Regarding the decals I can't be of much help. Most of my Gitane literature is from the early and mid 70's. This shows a common logo style, from what I can see (the logos are pretty small or fuzzy in a lot of the pics) Unfortunately, I have no late 70's pictures to confirm or refute if this style remained in use. The few road tests from the late 70's, have no pictures associated with them.

   RE:RE:VINTAGE LIGHTWEIGHTS:   Gitane Tour de France posted by Dave on 9/16/2003 at 5:20:19 PM
Tom , My '73 Puegeot U-08 had French threaded Normandy rear wheel but cotterless Sugino Maxy cranks. My feeling is they just installed whatever they could get their hands on and built these bikes with a very short timeframe like you theorized.

   RE: TdF vintage posted by Eric Amlie on 9/16/2003 at 6:14:46 PM
Tom, I bought my TdF from the original owner. He was a little unclear if it was 1970 or 1971, but it was one of those. He said the Sugino crank was on it when he bought it new. The bike also had Mafac Competition(as opposed to Racer) brakes on it.

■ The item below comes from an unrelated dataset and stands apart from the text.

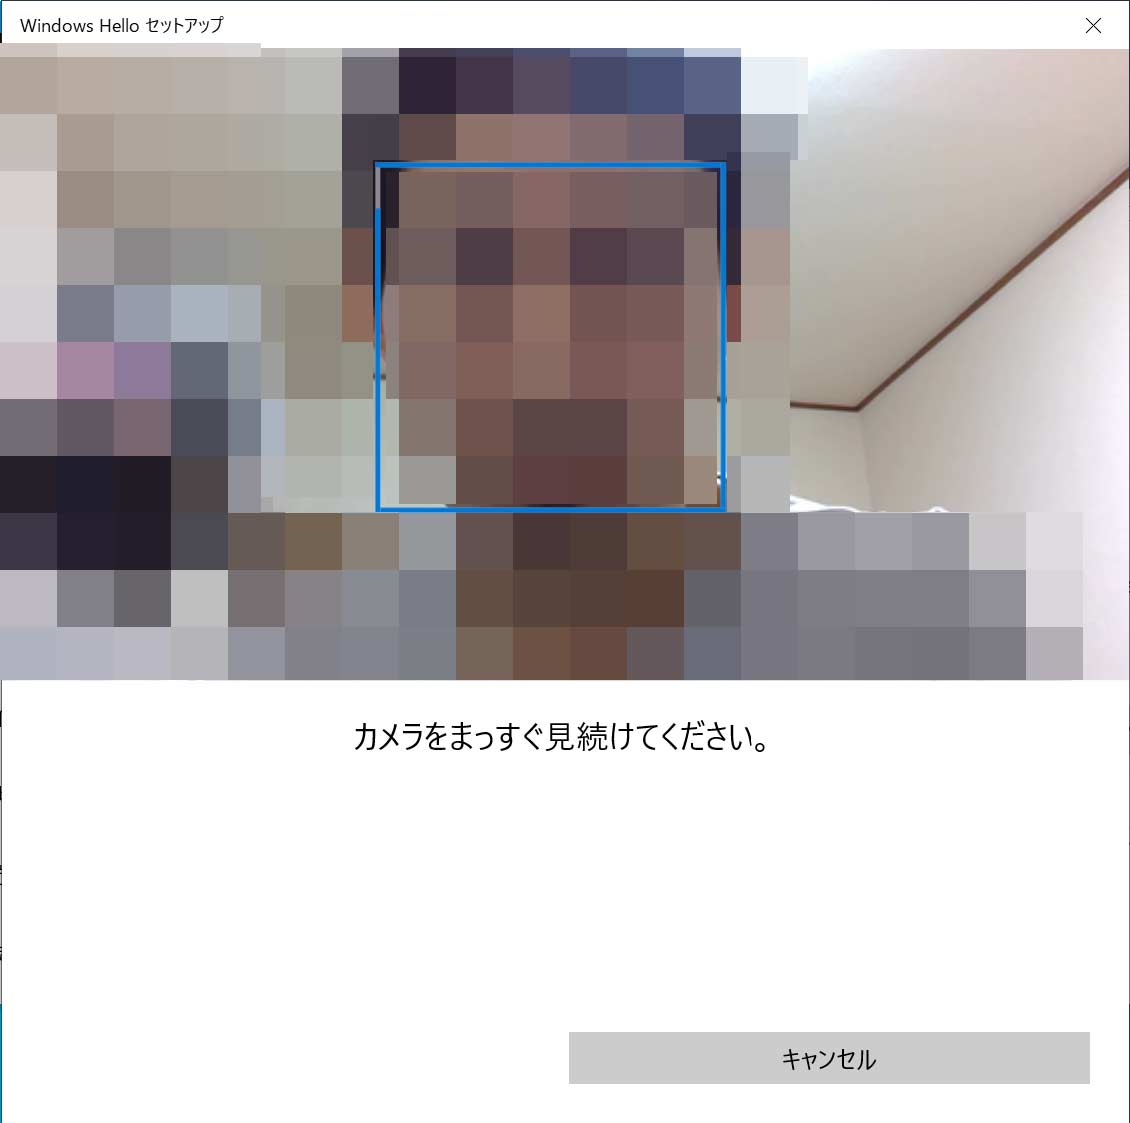 Windows Hello セットアップ画面
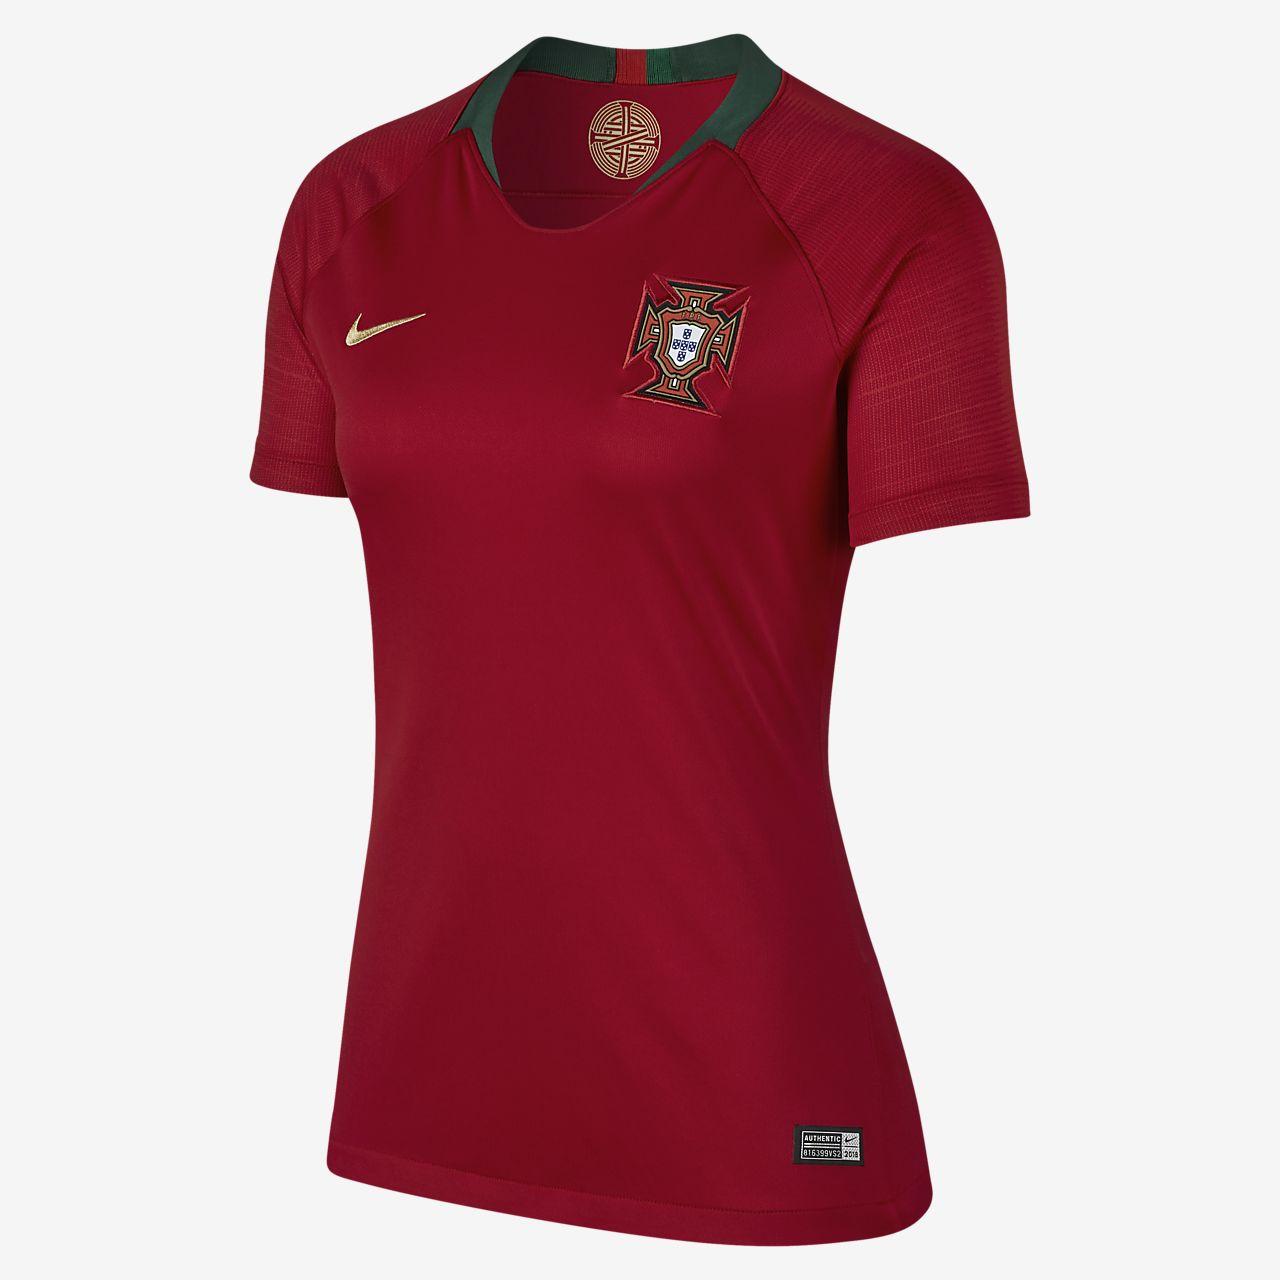 2018 Portugal Stadium Home fotballdrakt til dame

   RE:VINTAGE LIGHTWEIGHTS:   Gitane Tour de France posted by Rob on 9/16/2003 at 6:26:55 PM
Tom, Thanks for all the info...first, I would like to take a friendly exception on the brakes...on my TdF (until now I've assumed it's from 1974/75...but maybe it's a bit later). The brakes are MAFAC Competition, and they definitely look like they have always been there...also logic sort of compels one to conclude that if a person were changing the brakes they wouldn't have upgraded with MAFAC...maybe the MAFAC Competition was an option at the time??? As to the crankset, what you are saying about Sugino makes sense to me...I've heard that Gitane in that era was quite dedicated to producing the best bikes they could (consistent, obviously, with their product line), and if that meant Japanese parts over French parts, so be it. On my TdF (before I changed over to an early '80's Stronglight), both the crankset and the spindle were Sugino (I had to change the spindle as the Stronglight crank sat too close in on the Sugino spindle). Again, logic would suggest that either the Sugino was an option earlier than '78 or the bike is likely a later model than I thought. Of course, someone could have changed the crankset set later, but the probability of a change from Stronglight to Sugino seems low to me...what would be the advantage?

As to the frame and decals...did TdF frames have the same basic look and decals all through the 1970's, and if so when would they have changed the appearance?

Thanks Tom...whatever insights you can provide would be appreciated...All in good fun!!! :)

   RE: Correction posted by Eric Amlie on 9/17/2003 at 1:24:05 AM
I just found the date on the original Simplex Criterium rear derailleur that was on the bike when I bought it...2/72. I guess my seller has a memory about as poor as my own :-(

   RE:VINTAGE LIGHTWEIGHTS:   Gitane Tour de France posted by Rob on 9/17/2003 at 3:31:31 AM
Eric...I've seen that date a number of times on Simplex derailleurs...I'm not sure it's the date of manufacture...it might be some kind of patent date...My 2 cents worth...:)

   RE:VINTAGE LIGHTWEIGHTS:   Gitane Tour de France posted by J. Carter on 9/17/2003 at 9:32:48 PM
Great info here, thanks 1. Decals: does anyone know where to get those shiny seat tube and/or the head tube decals? 2. Cranks: just to muddy the water I remember that my Gitane Interclub, bought new in 1972, had a Sugino crankset although spec'd for a Durax.